I'm marking this as state:unlikely
, as we won't include it as a bundled command.
@LC43 You can of course implement this as a third-party command for your own purposes. And in case you didn't know, you can override the bundled commands through third-party packages, so you can easily just extend the existing plugin status
command in your own package and then install that over the bundled one.
Hi, and thanks everyone for the feedback.
@schlessera, i'll check that on third-party as this was really useful to our team, thanks.
I know this is already closed, but i'm going to try to explain why other commands don't this task:
e.g.: show which sites Contact Form 7 is installed ( not network activated ).
To @danielbachhuber questions:
Adding network-specific support to commands is a deep rabbit hole.
status_all()
is already a network wide function, called when doing wp plugin status
. I just expanded the information with --show-sites
What happens when there's 50,000 sites to iterate?
Well, let's assume the worst case : There's 100 plugins, and all are not network activated but active in each site individually.
so it will show 100 *50 000 = 5 000 000 lines.
the concatenated line will also show 5 000 000 lines and it doesn't solve the task at hand.
To find where the plugin is activated, using wp site list
you'll have to manipulate the result with bash , filter out somehow the name of the sites, and concat it all together.
Differences:
sites per plugin vs plugins per site
It shows the which sites where each plugin is activated, in contrast to listing all plugins per site.
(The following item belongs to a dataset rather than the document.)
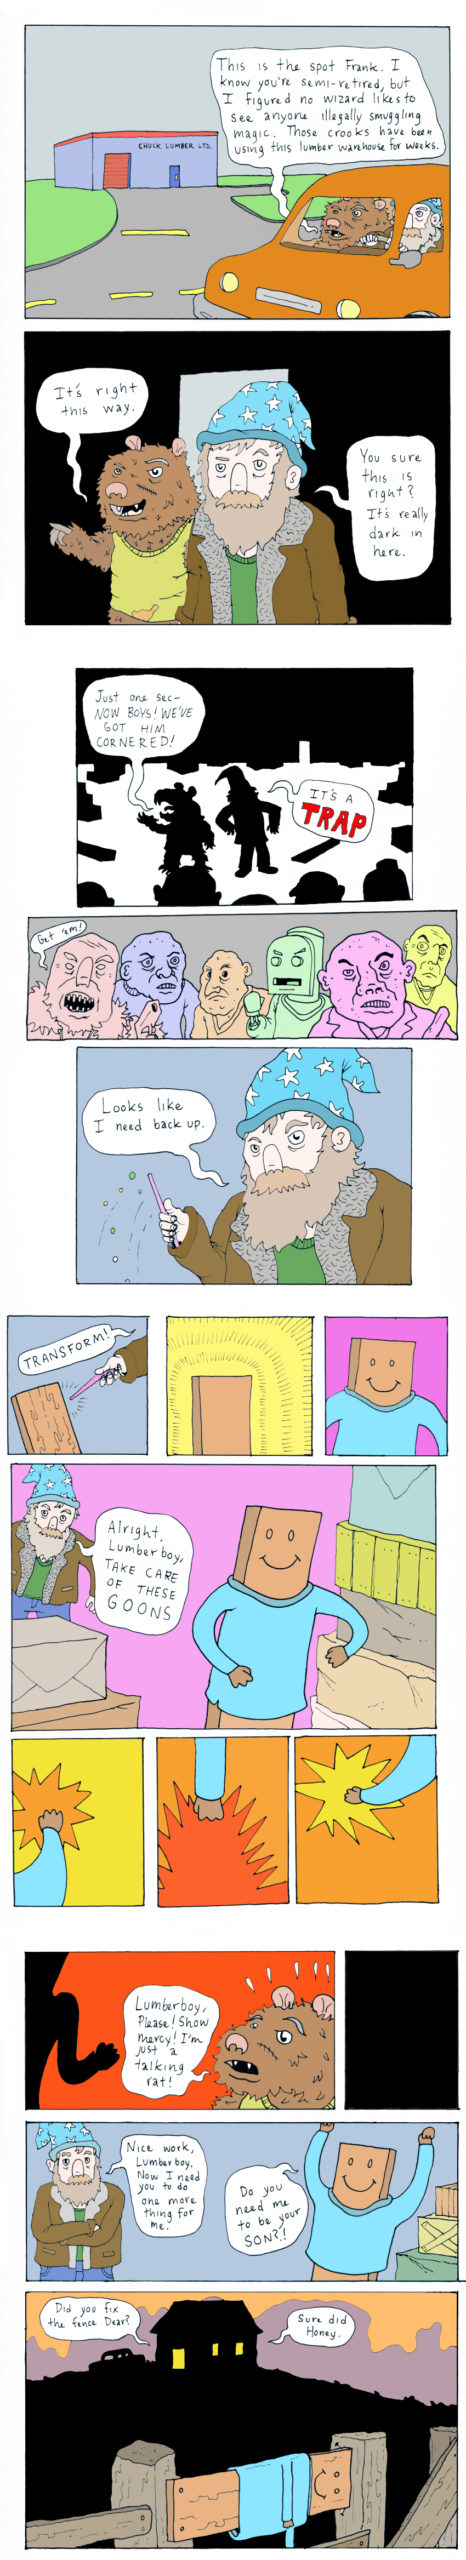 Lumberboy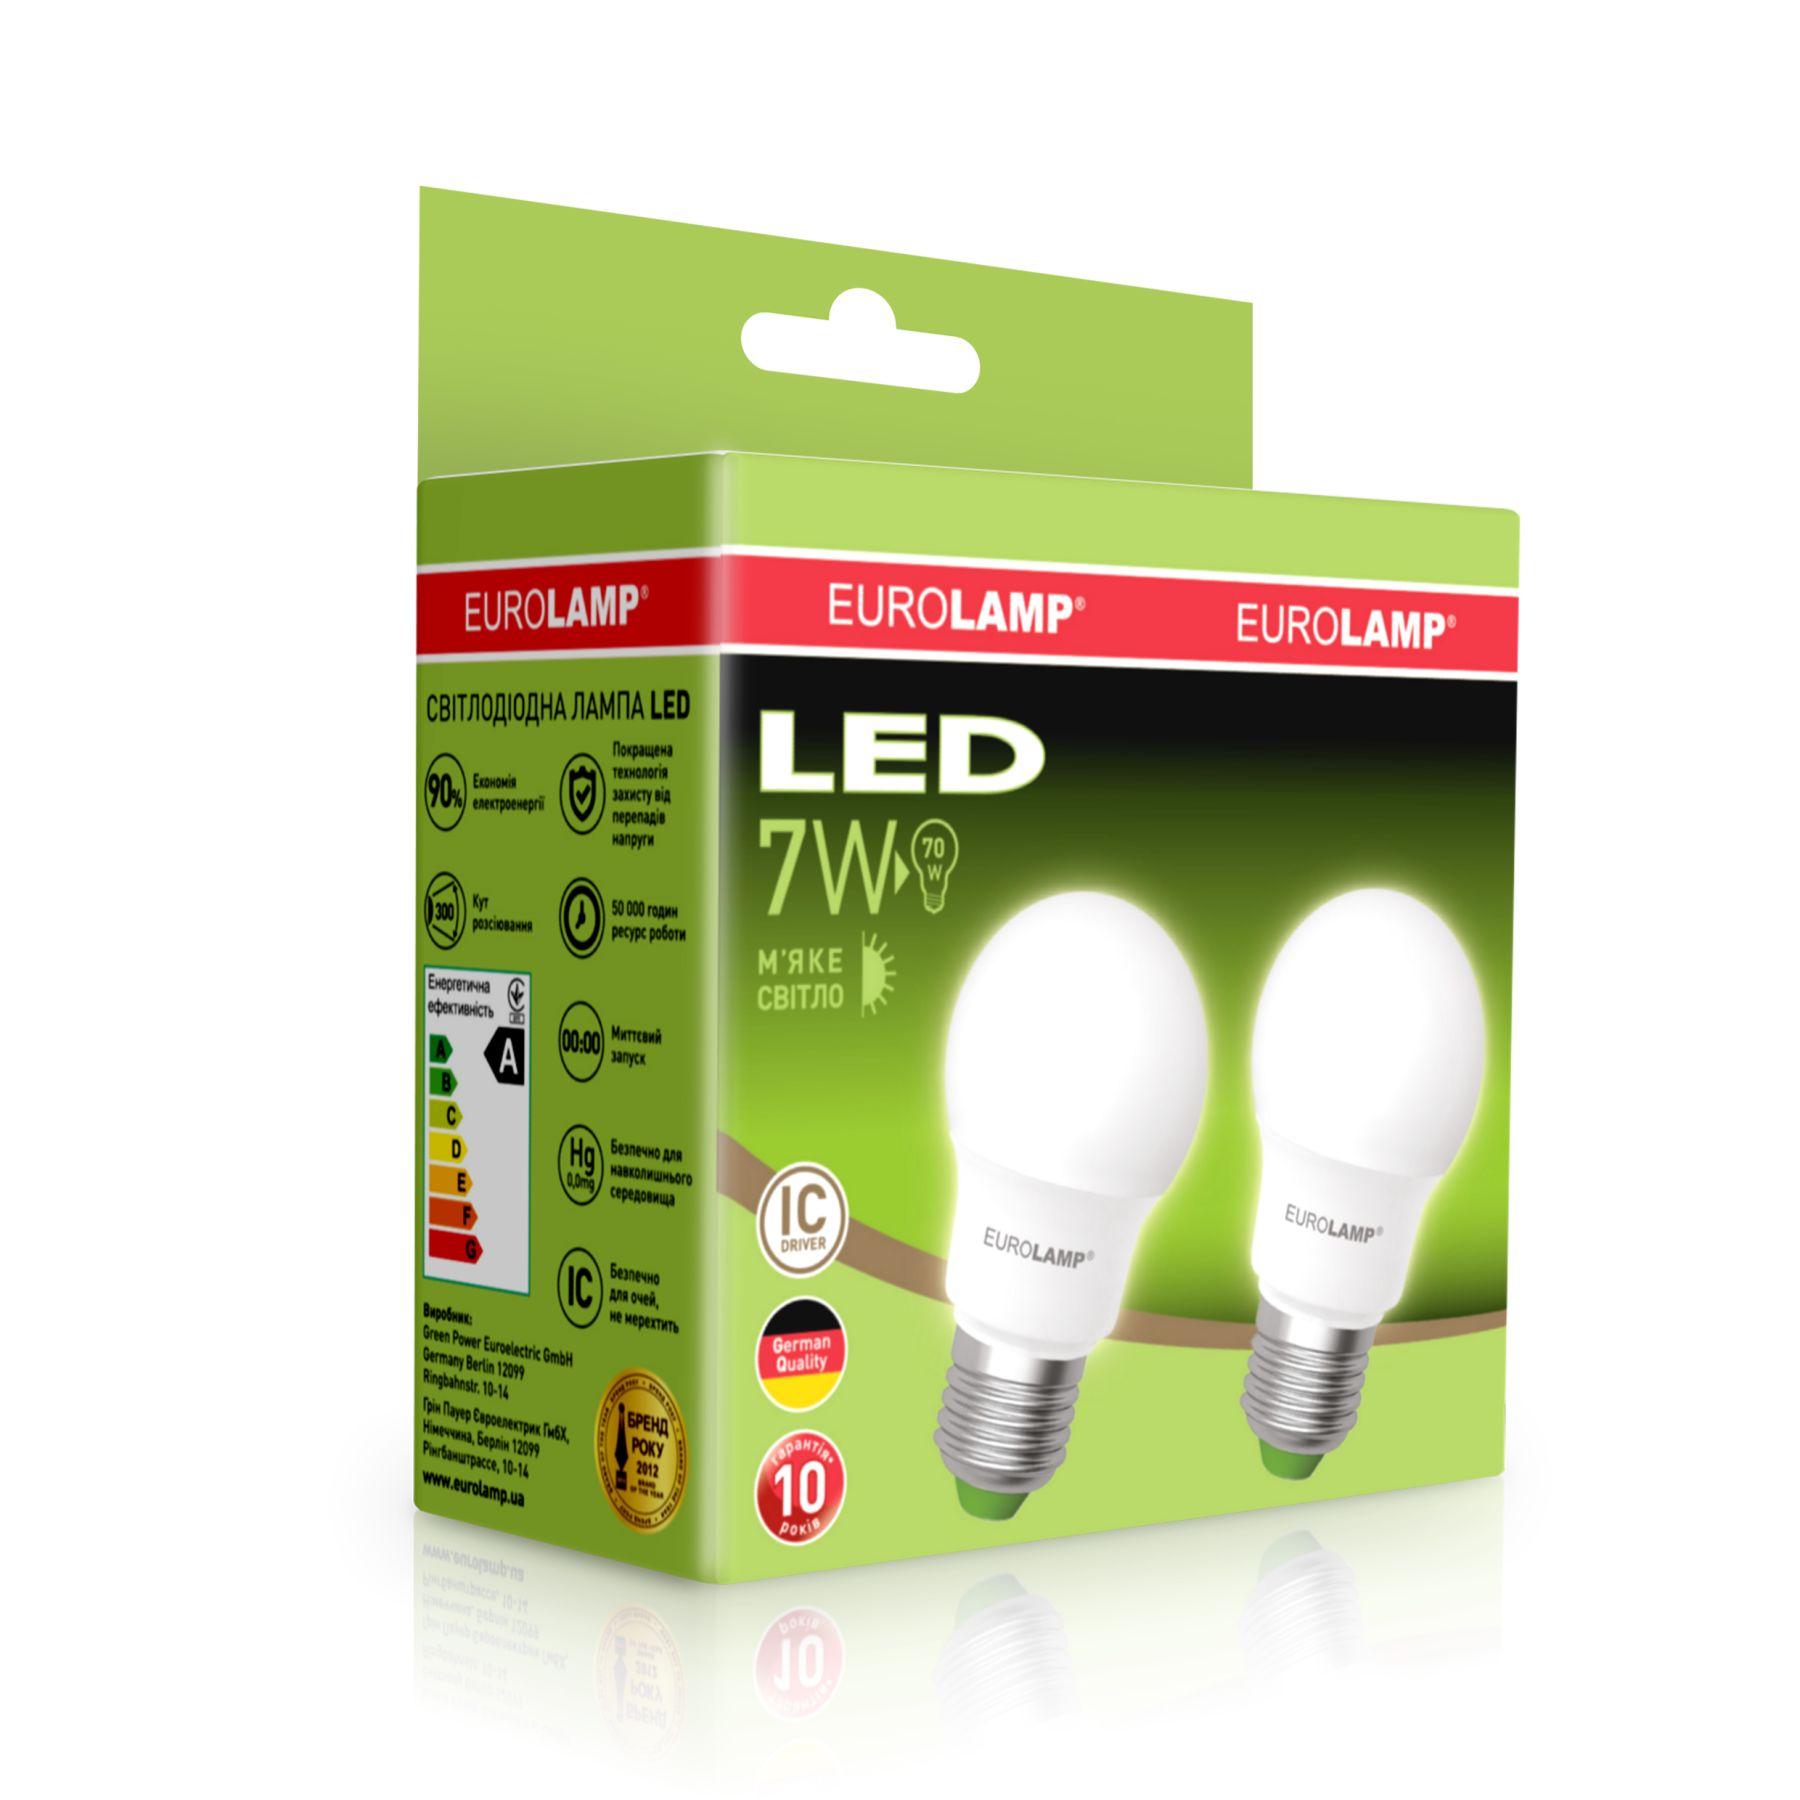 Оптовая продажа светодиодных ламп

I think this is a fundamental difference.
Skip network activated plugins
A better use case is that if if some plugins are network-activated, this will skip those. So the number of plugins shown is reduced.
Show the status of each site.
In our network we have only 250-ish blogs, which is a small number but large enough to make impossible for a human to go through all them one by one and check which plugins are active in individual sites.
some sites are archived, some are deleted.
legend: ( sorted items )
example: show where a plugin is installed:
wp plugin status --show-sites | grep "widget-context" -A 4
I widget-context 1.0.5
-- PAD 171.Site A
-- PAD 172.site D
-- PD 213.Site B
-- P 217.Site C
where -A xx can be an arbitrary number of sites.
anyway, thanks for listening. i'll update this when the 3rd party command is ready.
You make a very good case @LC43 and I think this should be re-considered for inclusion.
just make the extra $assoc_args arg to CommandWithUpgrade::status() optional so no need to add arg to theme one
That by me was wrong as you probably noticed (get PHP warning about declaration should be compatible).
thanks for your support @gitlost :muscle: :dancer:
yes, i fixed it with only your suggestion to use default arg.
I reopen this issue because I think the actual functionality would be hugely useful for managing large networks.
However, I'm still wary of the performance impact it could have on large networks.
I suggest building this in such a way that is has a safety threshold with a confirmation needed after a certain size.
This could use wp_is_large_network( 'sites' )
(which is filterable) or a direct count of the sites as the threshold.
The confirmation prompt could be something like:
This command will load data from each of your 53.243 sites. Are you sure?
It should include a force switch like --yes
or --force
for reliable scripting.
I've found https://github.com/iandunn/wp-cli-plugin-active-on-sites useful when needing to check a plugin's status across 1700 sites. I'm not sure if that solves all of the needs listed above, but it may be a good start. It looks for the status of one plugin rather than all of them, which has been more useful for my needs.
It does take a decent amount of time to loop through each site to check for an individual plugin's status. I would imagine that this task is better off as an external command.